Friday, July 27, 2007

Coral bells and half a girlie!



This is a pretty shade plant called (if I recall correctly) "Coral Bells." We have a few in the front called "Foamy Bells," which I think must refer to the flowers. This backyard guy started flowering about three weeks ago. The front yard versions (four from the nursery, two from the farmers' market) haven't shown any inclination to flower, but they are newer.
In the foreground is a kid, pure ham.

Thursday, July 26, 2007

Ripening!


We're picking a few tomatos every day now, and the cool ones - the yellow ones, the heirloom ones, the little bitty grape ones - are so much fun. If we could get Peter and the squirrels to quit picking the big, luscious green ones, we'd be set.

Saturday, July 21, 2007

Tiger lily success!



Earlier in the spring, on the first 90+ day of the year, we went to the house of a woman in Homewood who had posted on Craigslist that she had plants to give away, on a "you dig" basis.
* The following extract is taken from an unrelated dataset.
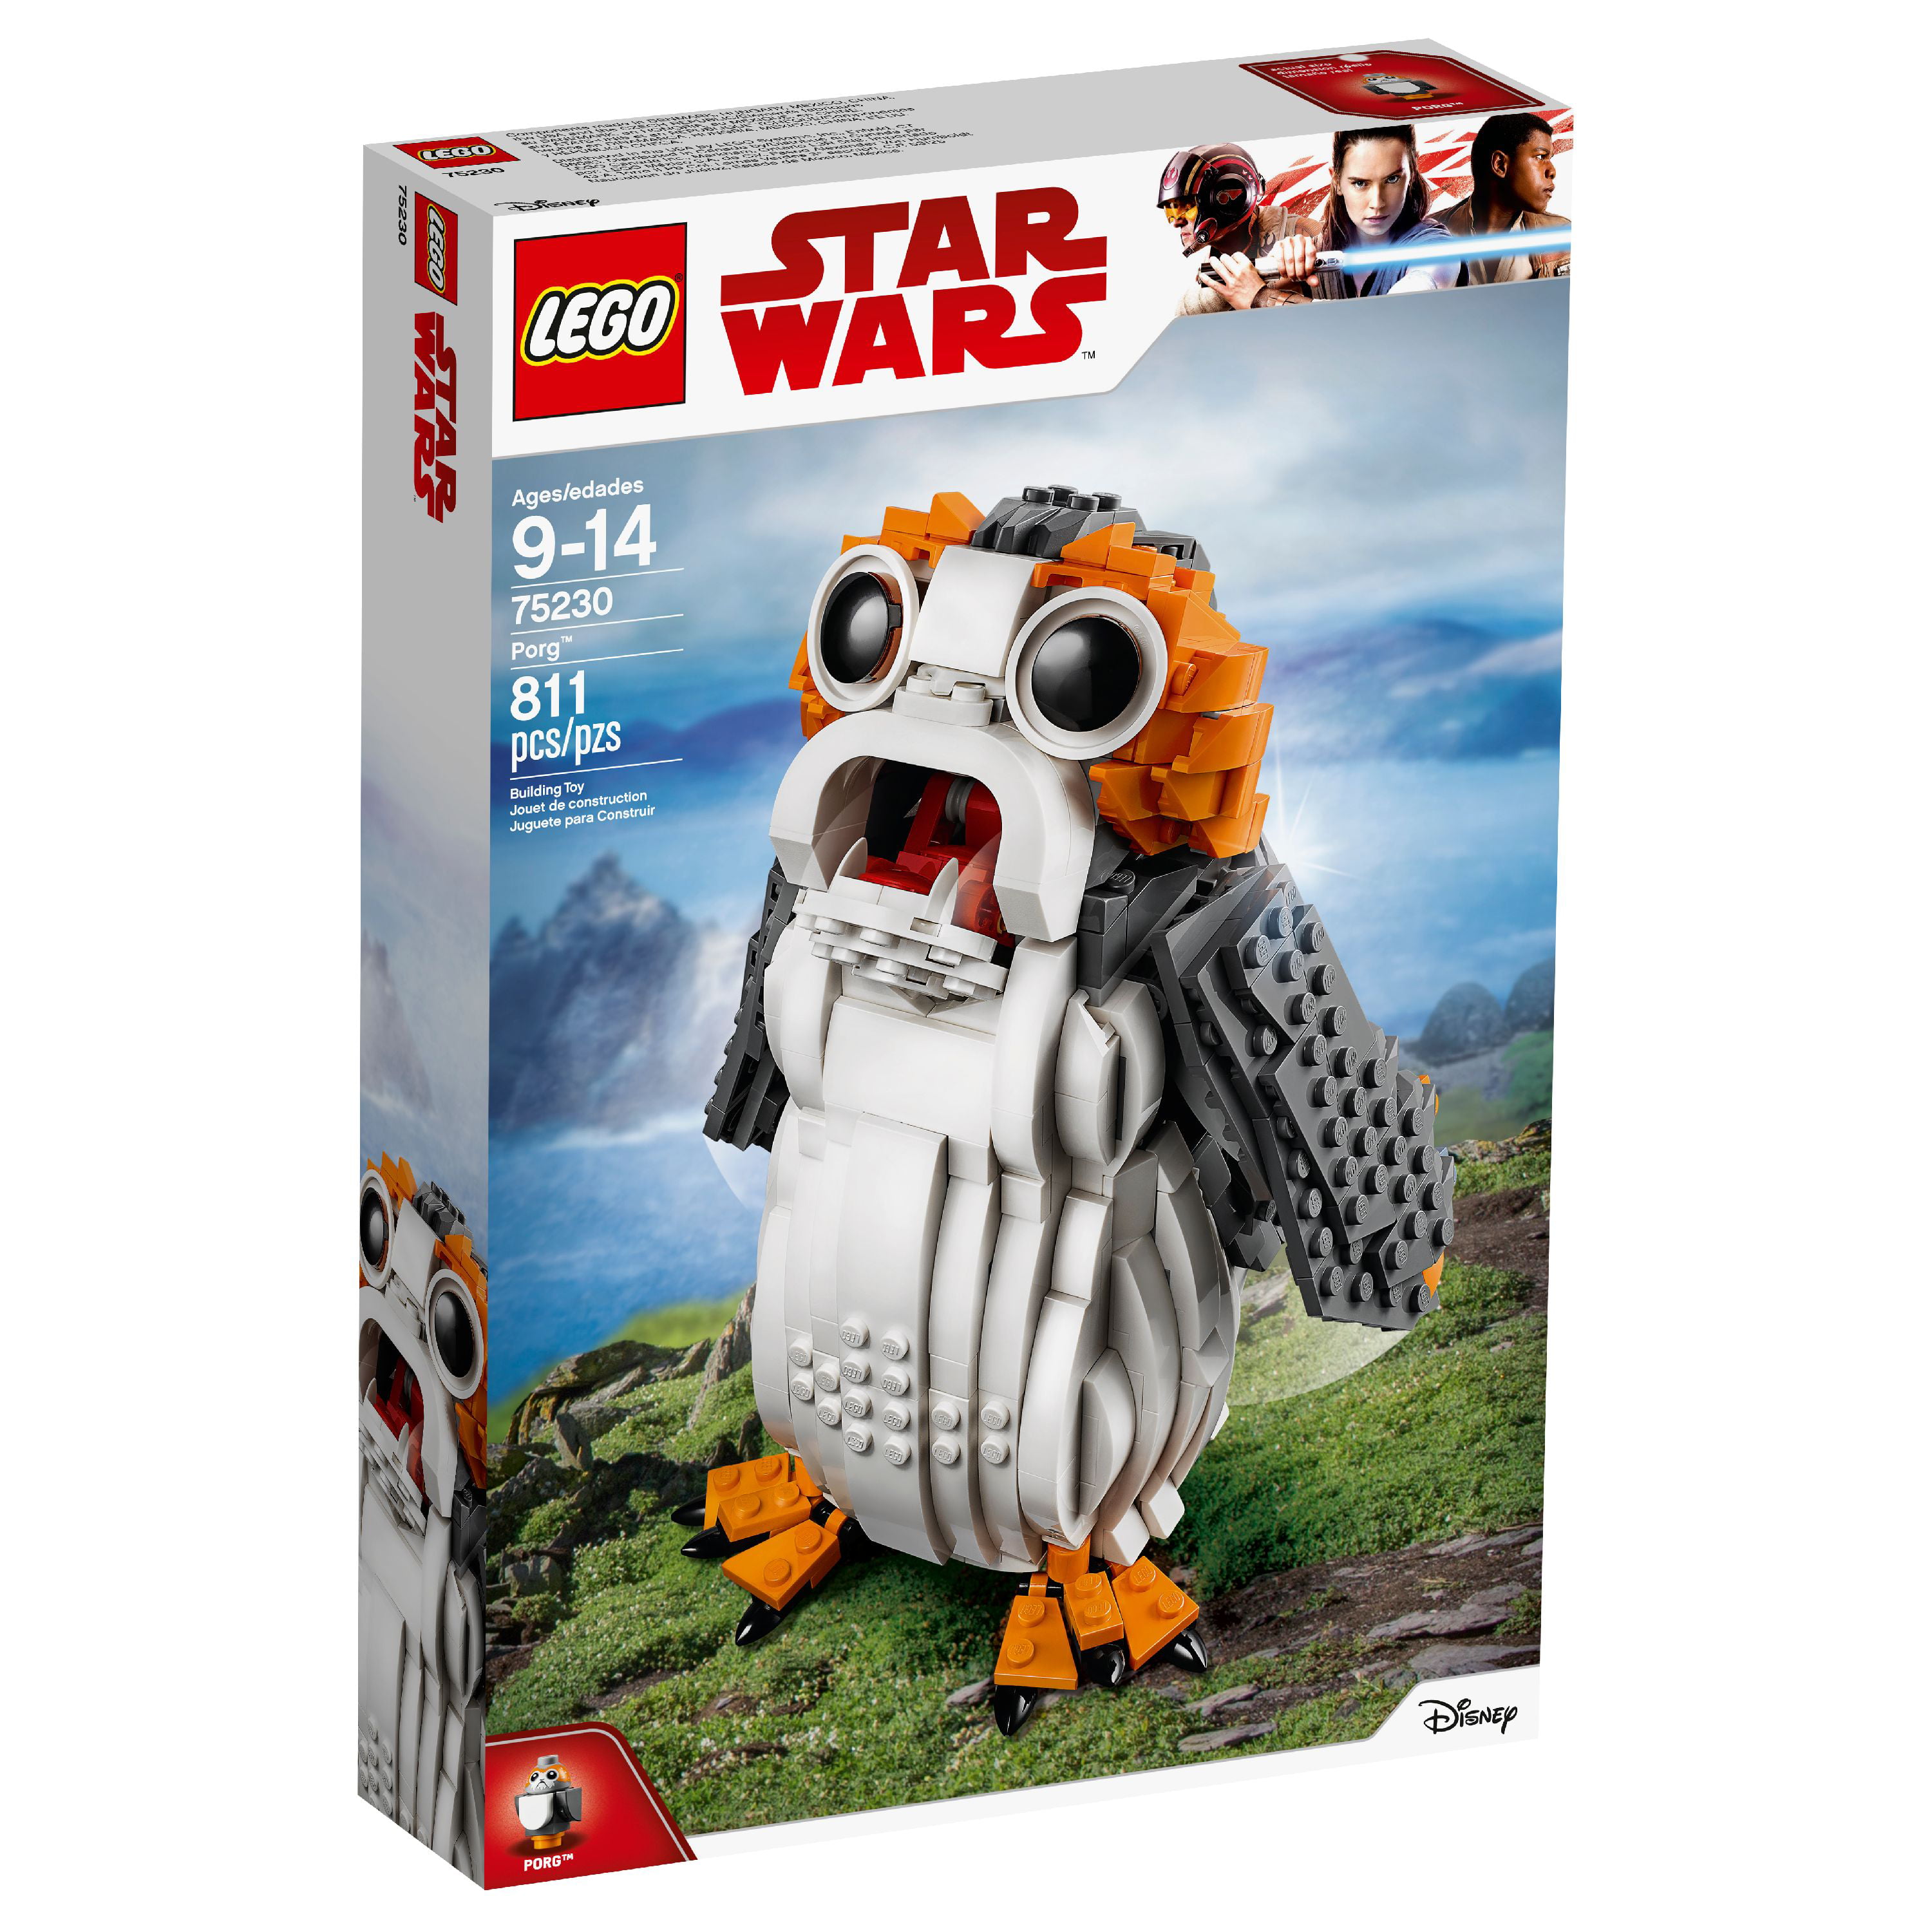 LEGO Star Wars Porg 75230 Building Set

These tiger lilies were among them. We transplanted seven; one died right away, one died after a couple of months, Peter lovingly pulled the tiny buds off another, but the remaining ones have been looking promising for a while. And today the first one bloomed! I'm so happy that they like the sunny bit of garden I picked out for them, which got much sunnier after Mike and his dad took a chainsaw to a dying maple tree soon after we moved in. The chainsaw stopped working when the tree had been reduced to a five-foot stump, which they took out - with the additional help of our brother-in-law Scott - over Thanksgiving two years ago. (We women and children for the most part remained sensibly in the house, because it was cold, and children don't mix well with Chainsaw Fun.) Sadly, we have no photos of Chainsaw Fun, so you'll just have to imagine it.

Friday, July 20, 2007

Before and after in the back yard.



So that's Gracie hamming it up the day of our home inspection. You can see the backyard a bit behind her. We've added plants between the sidewalk and garage to make a shade garden, and we took out the shrub that's directly behind her and to the right in the first picture. That's where our veggie garden is now. I just transplanted the peony you can see behind Grace in the second picture to the front yard, along with the rest of the peonies, which were clumped in the shade at the south end of our yard. To put it nicely, they were not happy to be transplanted. They practiced passive resistance that would have made Ghandi proud, and they look - mostly dead. But mostly dead is not all dead! I hope they'll come up again in the spring, and that the new, sunny location will be better for them.

Daylily roundup.


They're a very common flower, but they're still really beautiful. Ours are blooming very well.

Thursday, July 19, 2007

Before and after pictures of our yard.



So the picture with the empty yard, but for half a dozen hostas and some very tired mulch, is the "before." The ones with tidy brick border, the fresh mulch, and the *plants* - those are the "after." When we moved in almost exactly two years ago the front garden was basically bare. We added shrubs the first fall, some perennials last summer, did a ton of transplanting last fall, and spent this spring and summer adding more perennials.


Monday, July 16, 2007

Oh, my gosh...

sunflowers at last! (Peter, quoting from one of our favorite picture books, "The Sunflower House.") Not technically *sunflowers*, they're Black-eyed Susans and purple coneflower, but we're happy anyway. The former actually (mostly) came back as perennials are supposed to, and we bought the latter at a yard sale for $2. At any rate, they bloom.